DIRECTIONS FOR THIS TASK ::
The full listing is to be returned exactly as given, but without pictures.

INPUT DATA ::
◆ ◆ ◆
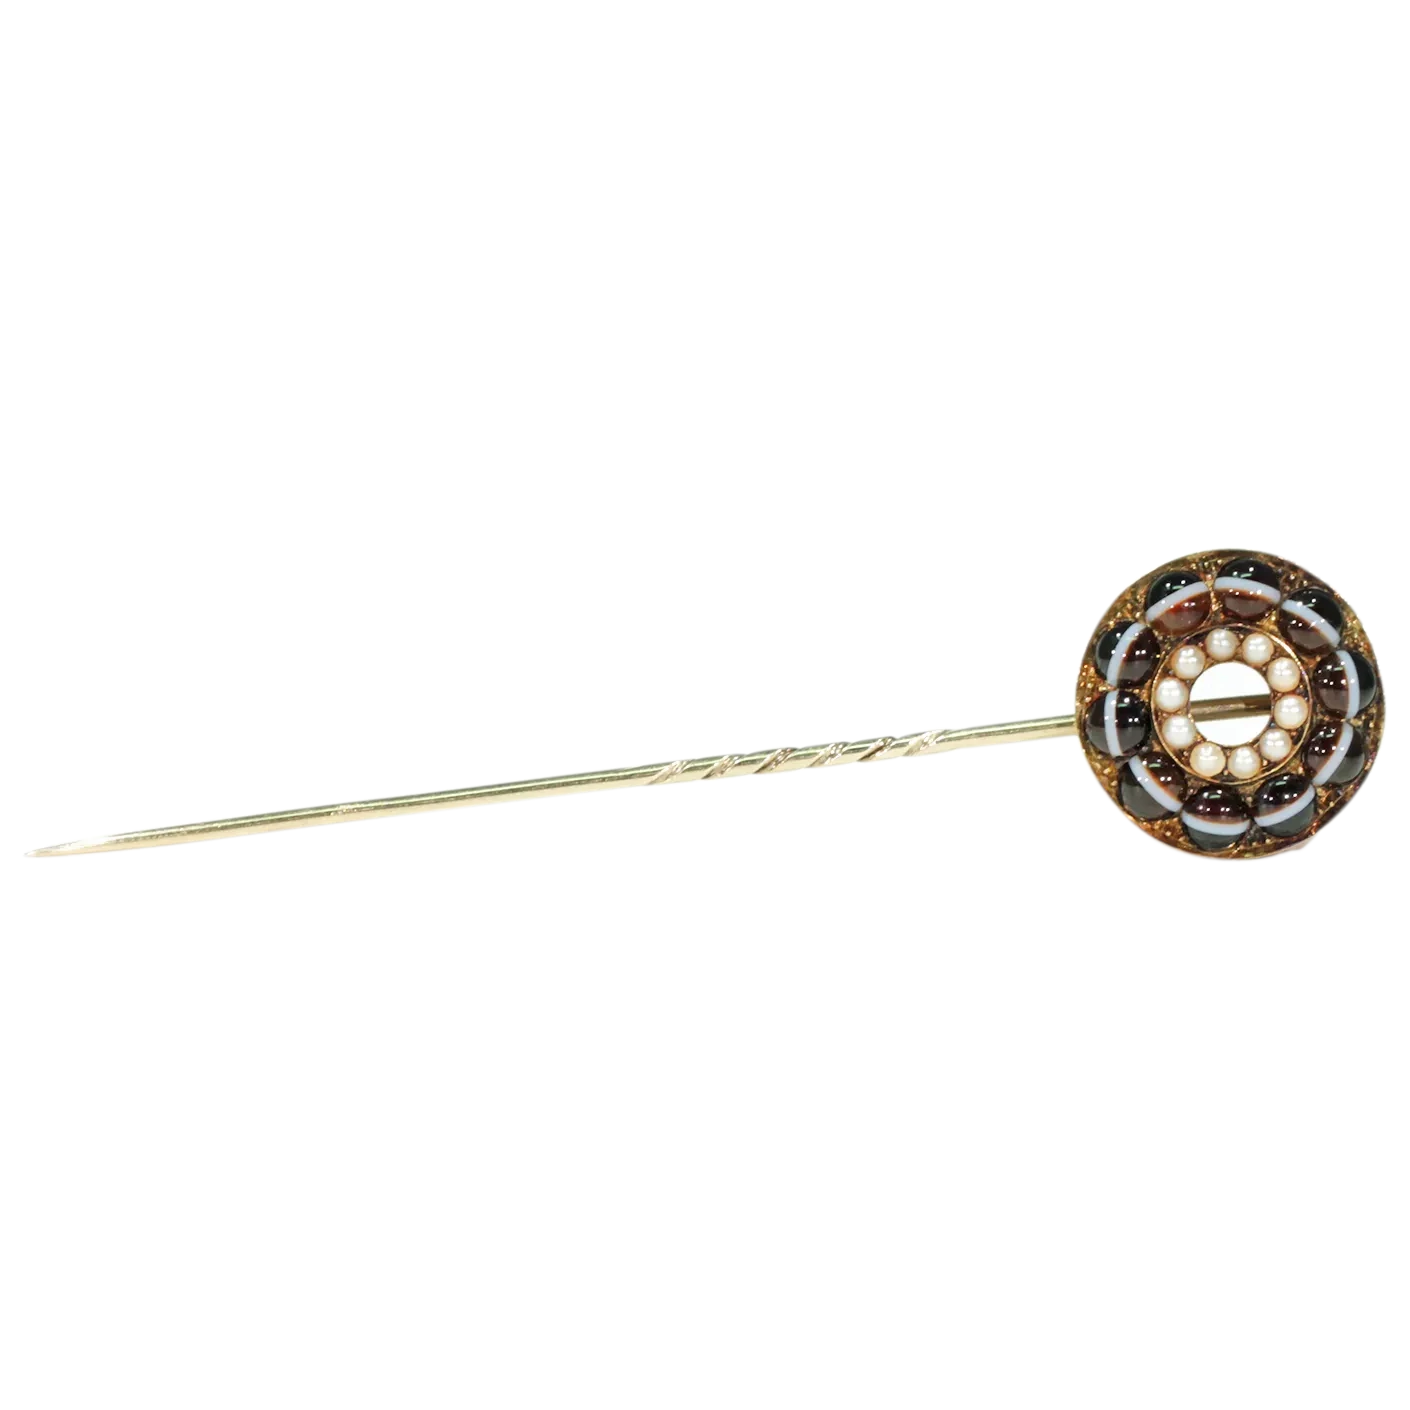 Antique Victorian Banded Agate Pearl Stick Pin
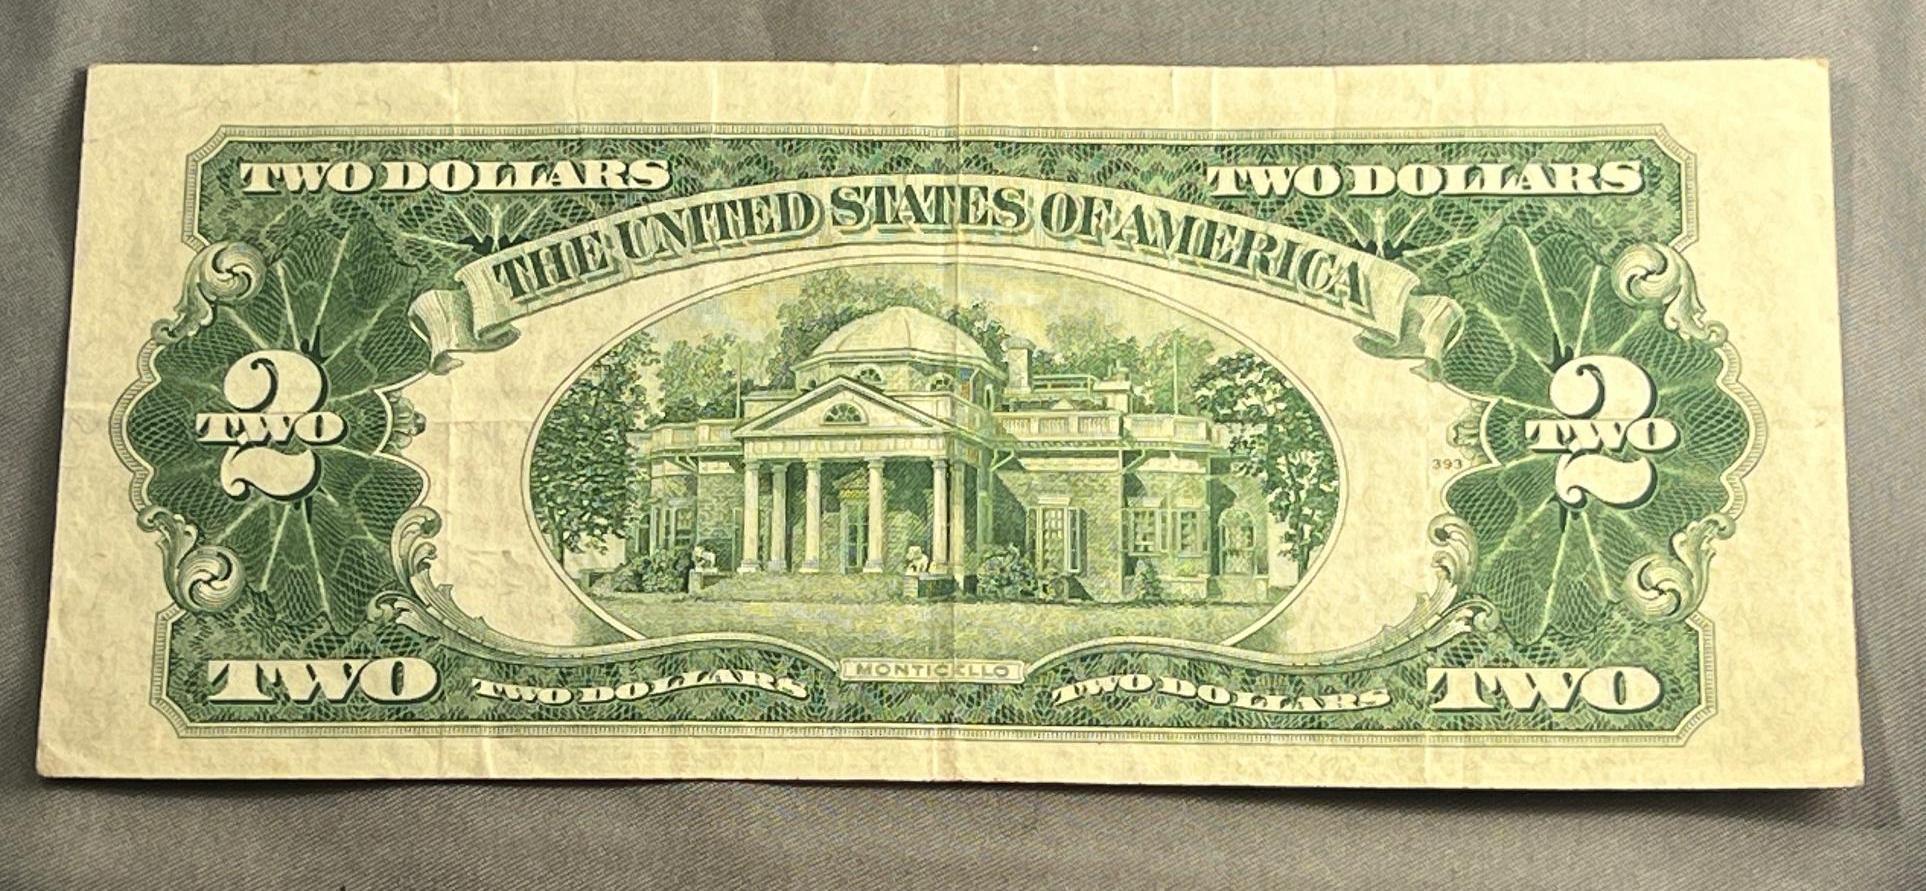 1953A $2.00 Red Seal Star US Note
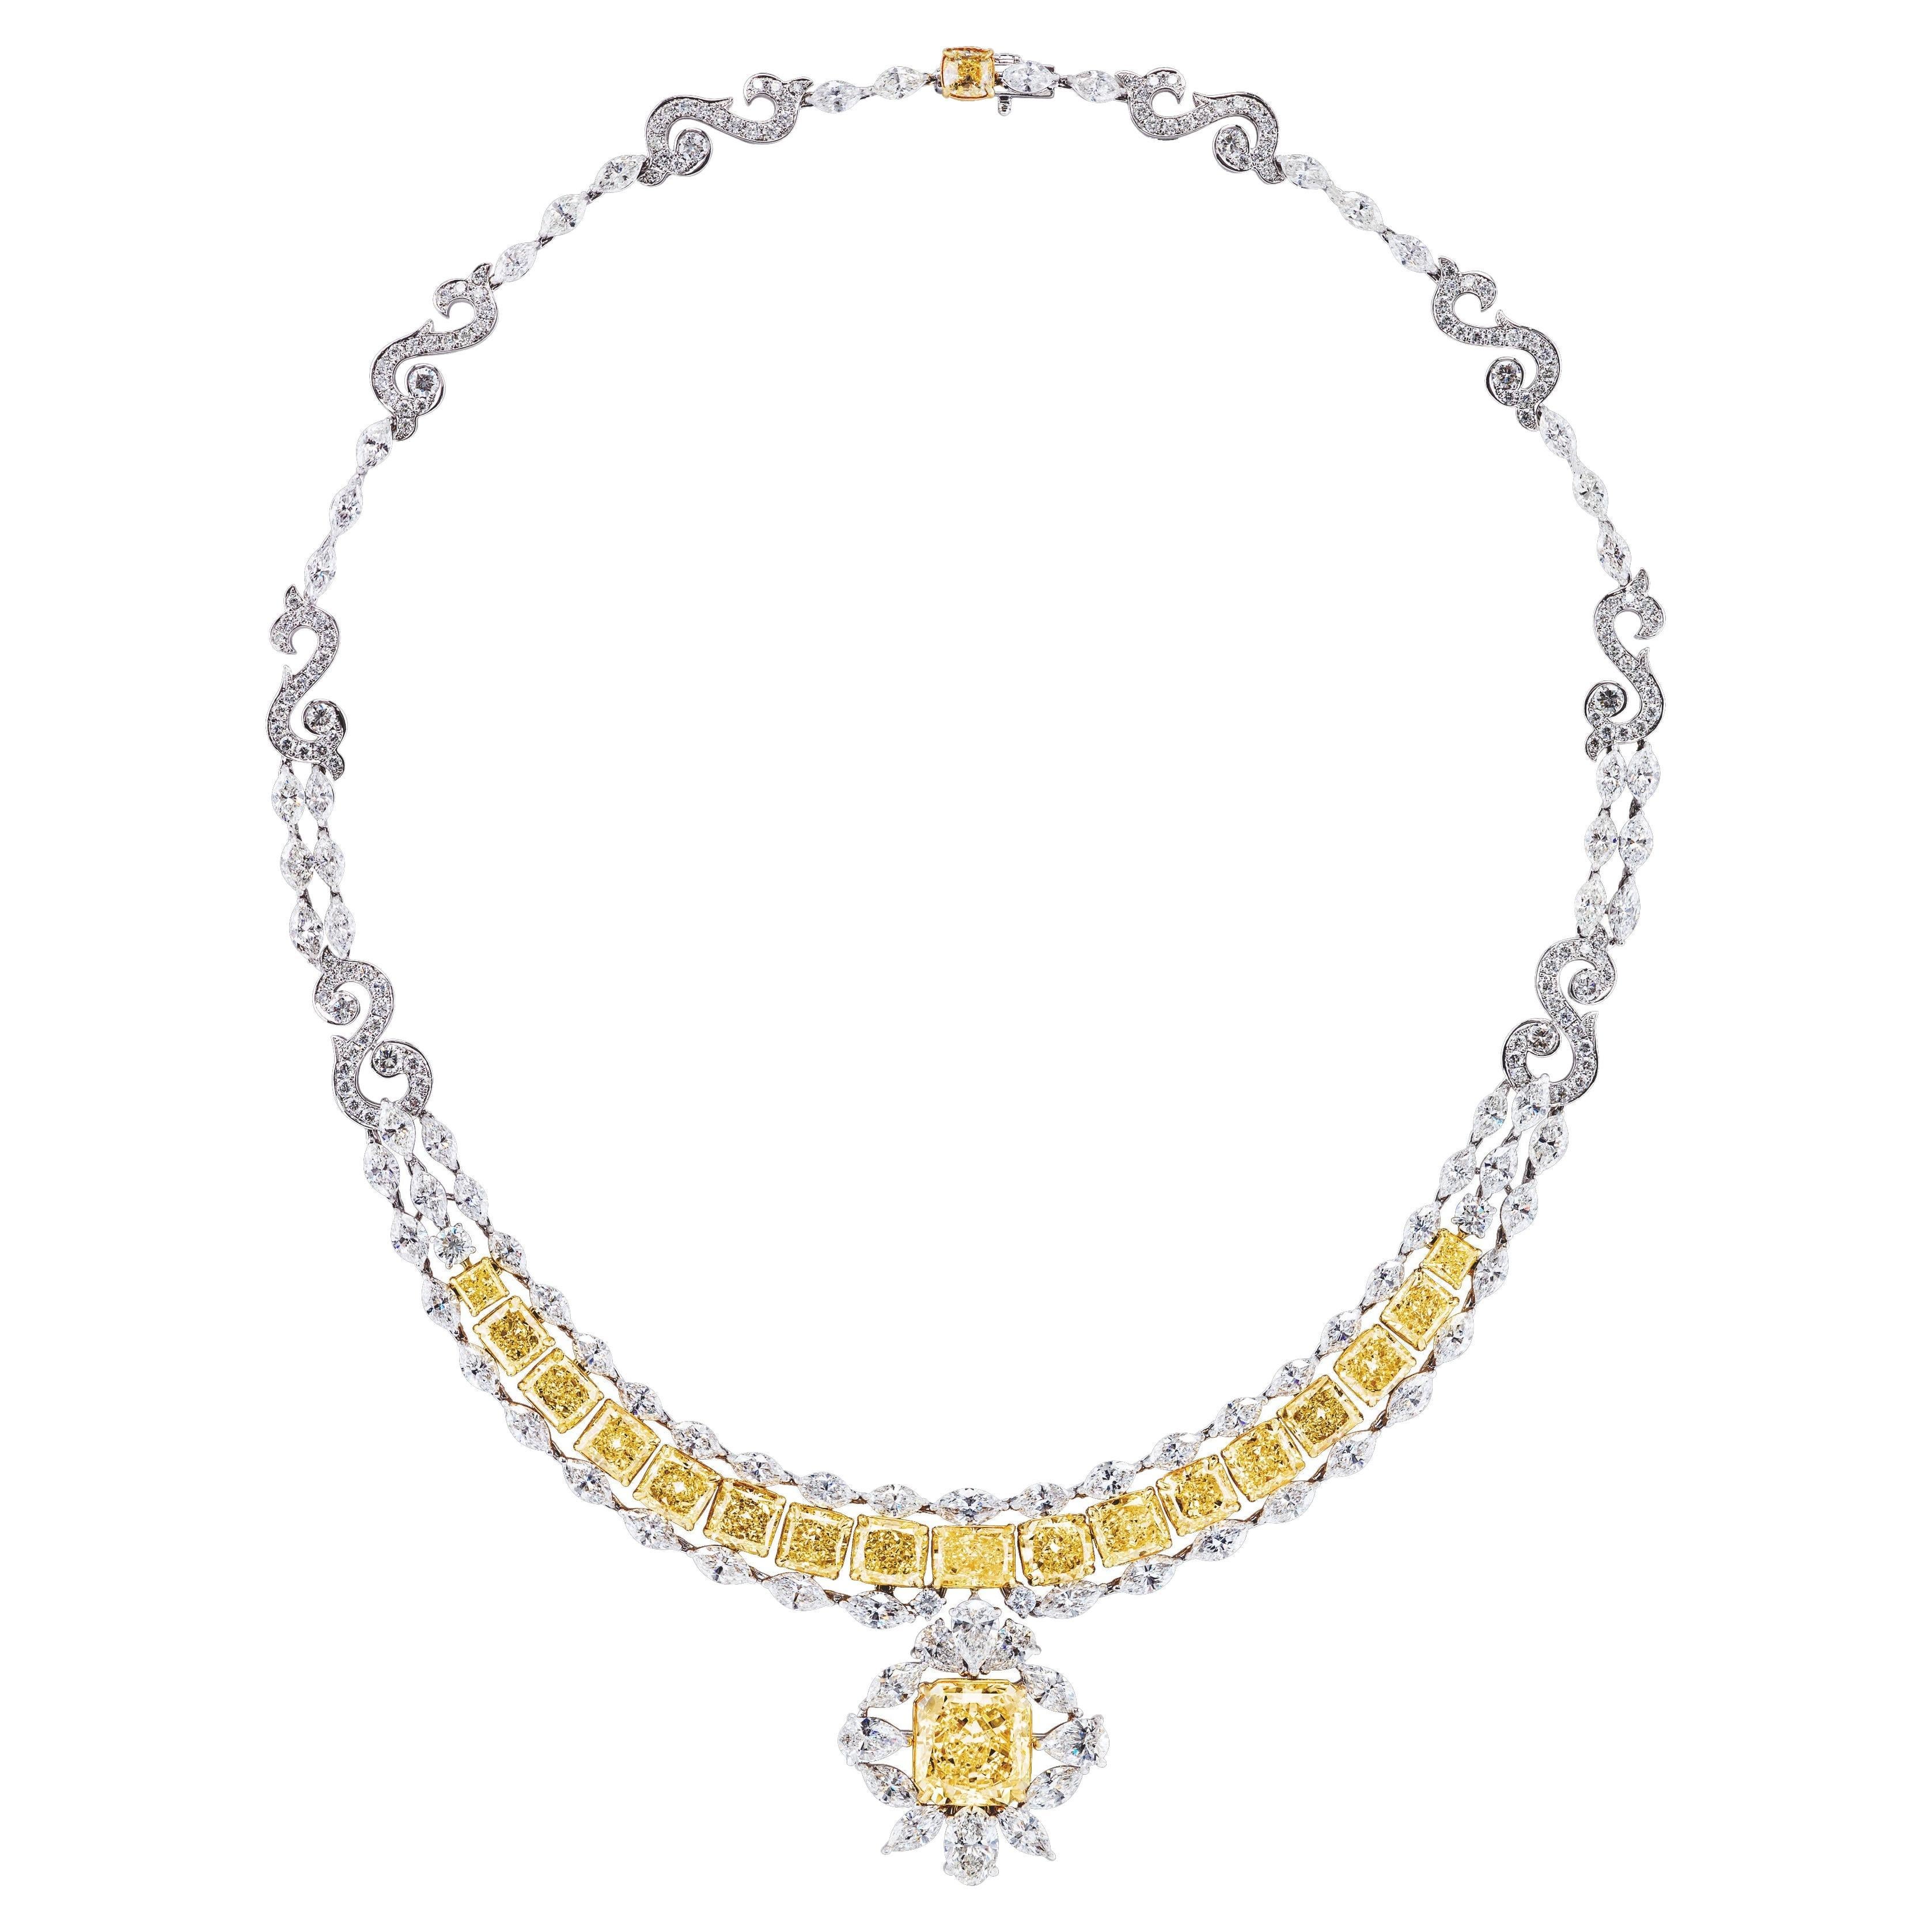 Extraordinary GIA Certified 50 Carat Fancy Yellow Diamond Necklace in 18K Gold For Sale
◆ ◆ ◆
TASK RESULT ::
 Antique Victorian Banded Agate Pearl Stick Pin
 1953A $2.00 Red Seal Star US Note
 Extraordinary GIA Certified 50 Carat Fancy Yellow Diamond Necklace in 18K Gold For Sale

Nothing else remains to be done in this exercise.